No — not every one of them. When he searched the line for a small figure with one strand of distinctively disobedient hair, he couldn't find anything — but he did see the outline of a slim girl he didn't recognize. Was that supposed to be Ikusaba? But if she was there… then where was…

And then the line began to move — and Togami realized that the figures hadn't been the only things Monokuma's school bus had disgorged. He hadn't been able to see past the black figures, but now, as they slid away from their starting positions, they parted to reveal Naegi's crumpled body on the front steps. He would have been entirely sprawled on the ground if it hadn't been for two large, heavy handcuffs on each wrist, binding his hands into their places in the line. His right hand linked him to a girl with one thin braid in her otherwise loose hair — and his left hand — oh god, injured left hand had been torn from its sling to dangle uselessly from the cuff chaining him to a tall boy with glasses.

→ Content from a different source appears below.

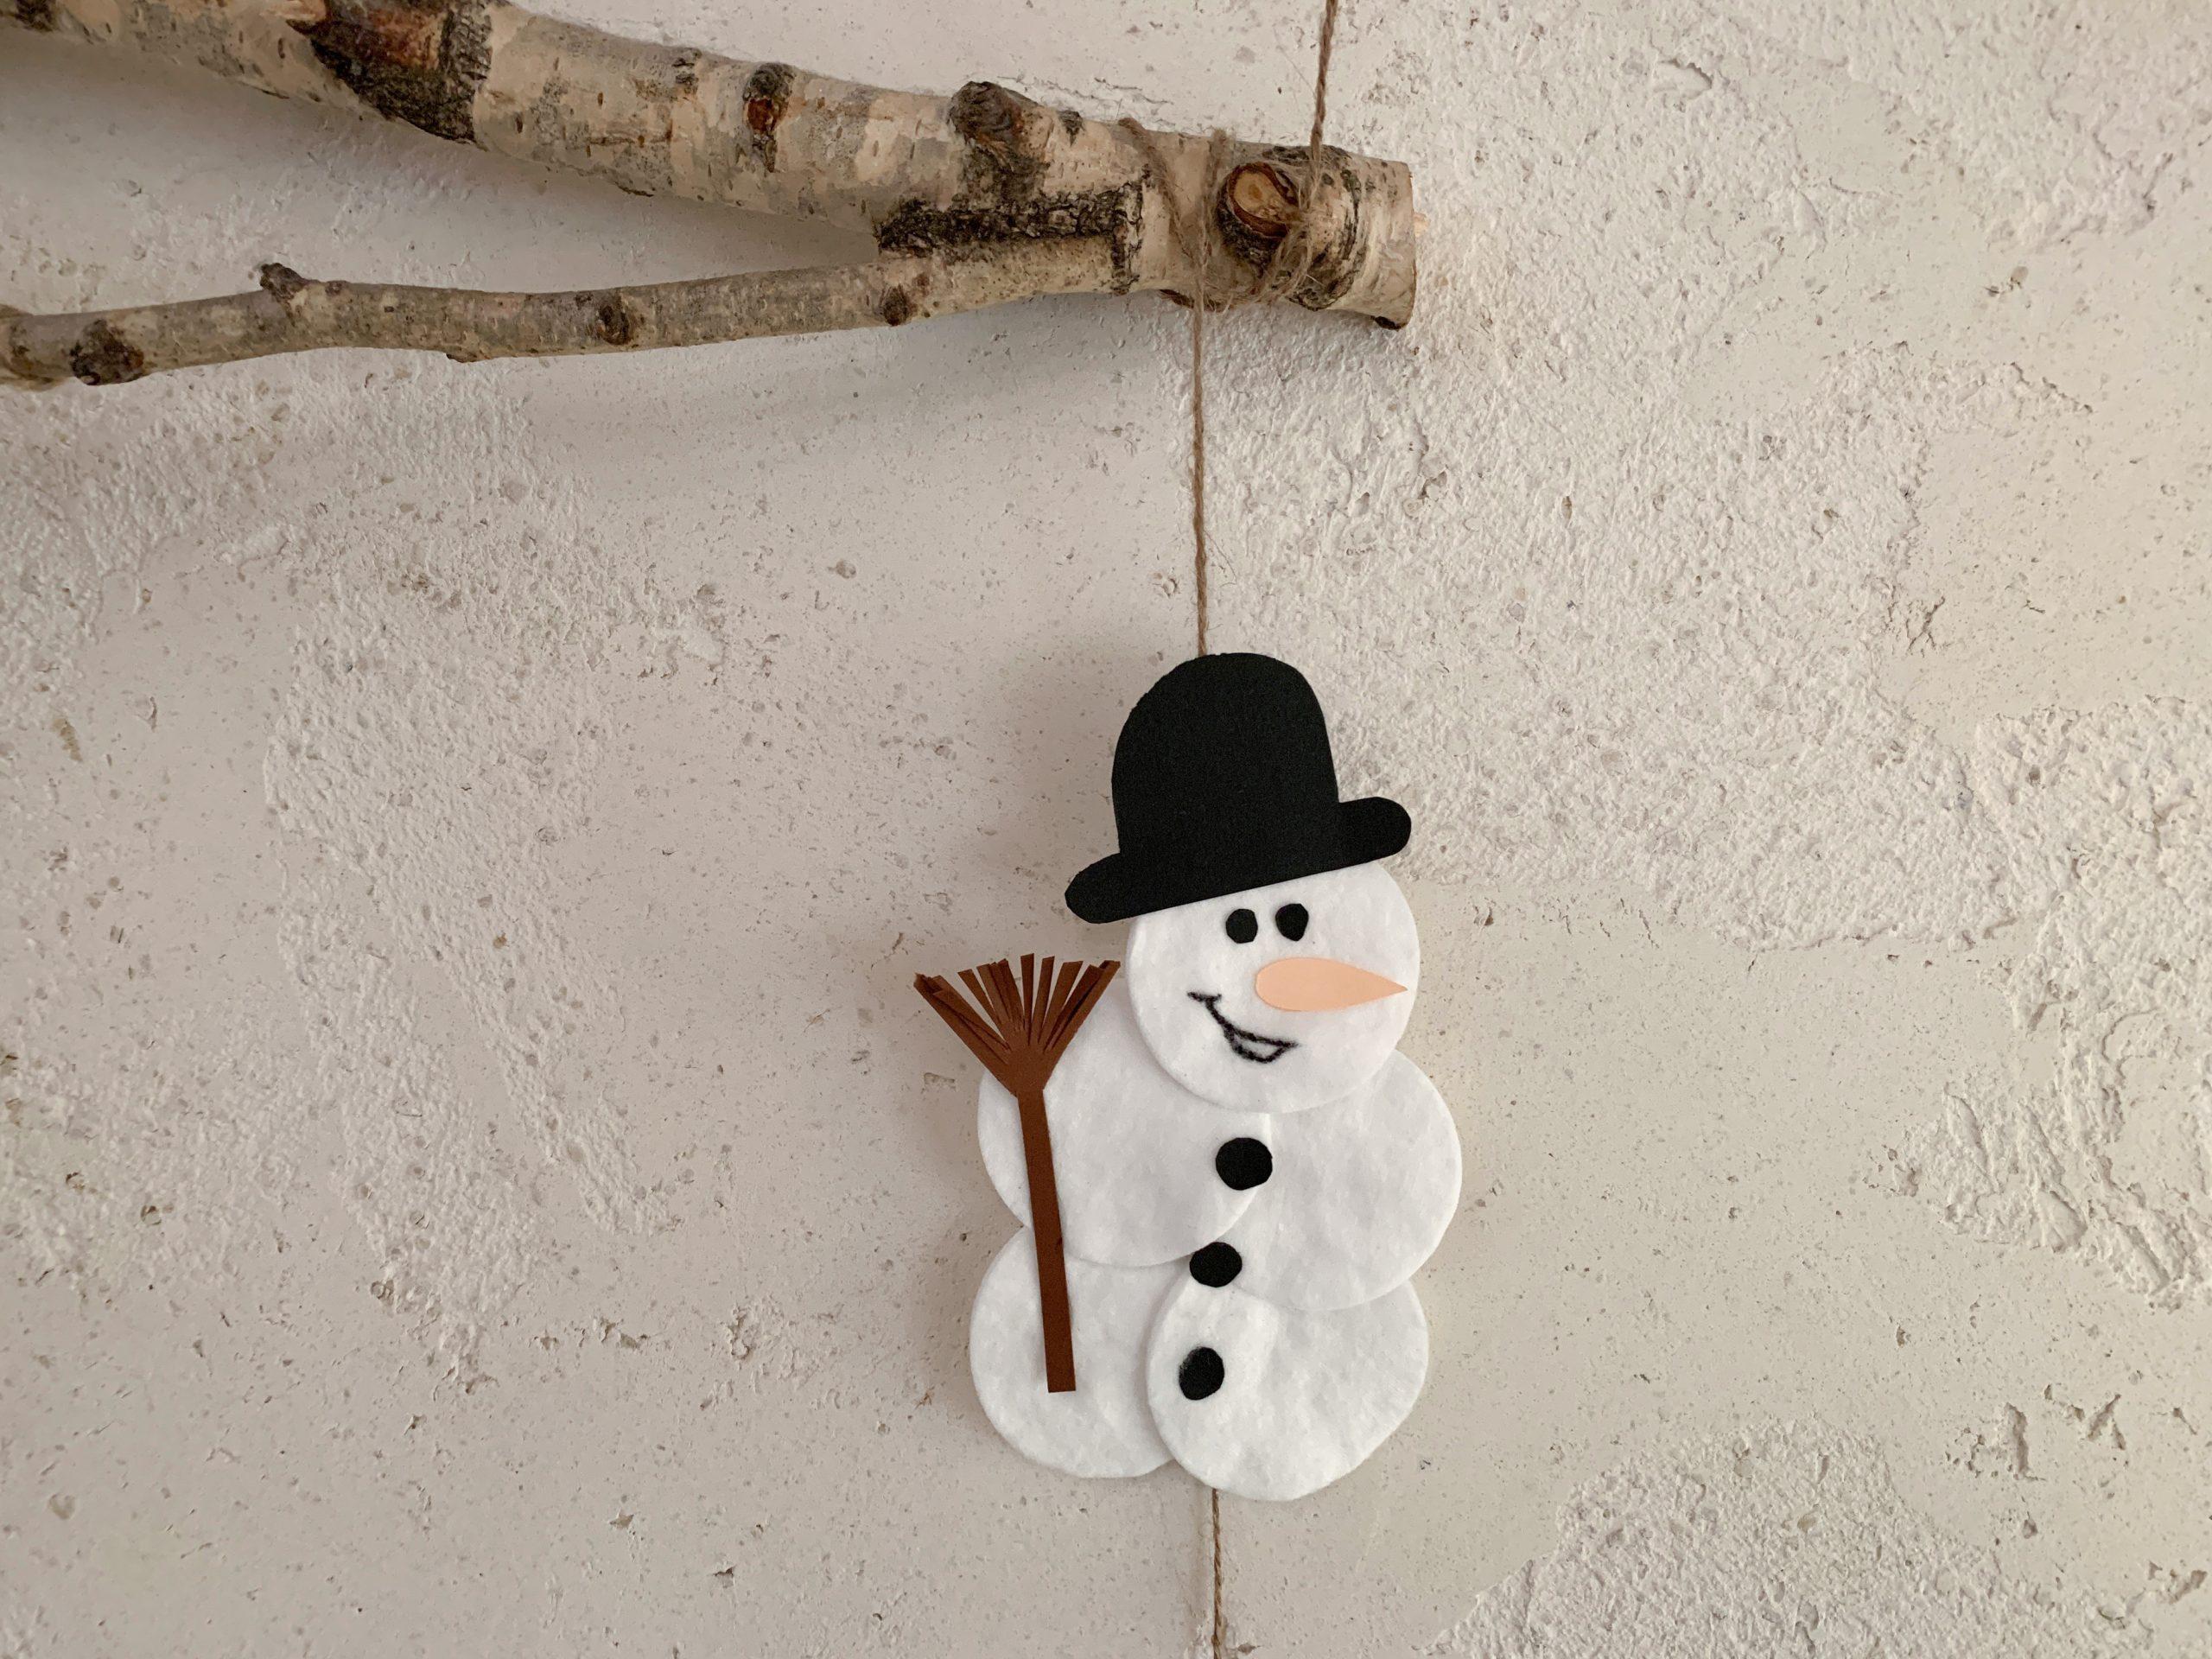 Schneemann aus Wattepads an einer Girlande

The silhouettes had moved from a line to a loose circle, wrapping around the model of the school in a strange echo of the circles of the trial room. Togami strained to see through them, pressing against the cold glass of the window as he searched for some clue about Naegi's condition. Was he still conscious? Still breathing?

But before he could tell for certain, the last two figures joined hands to connect the final links of the circle — and the silhouettes began to spin.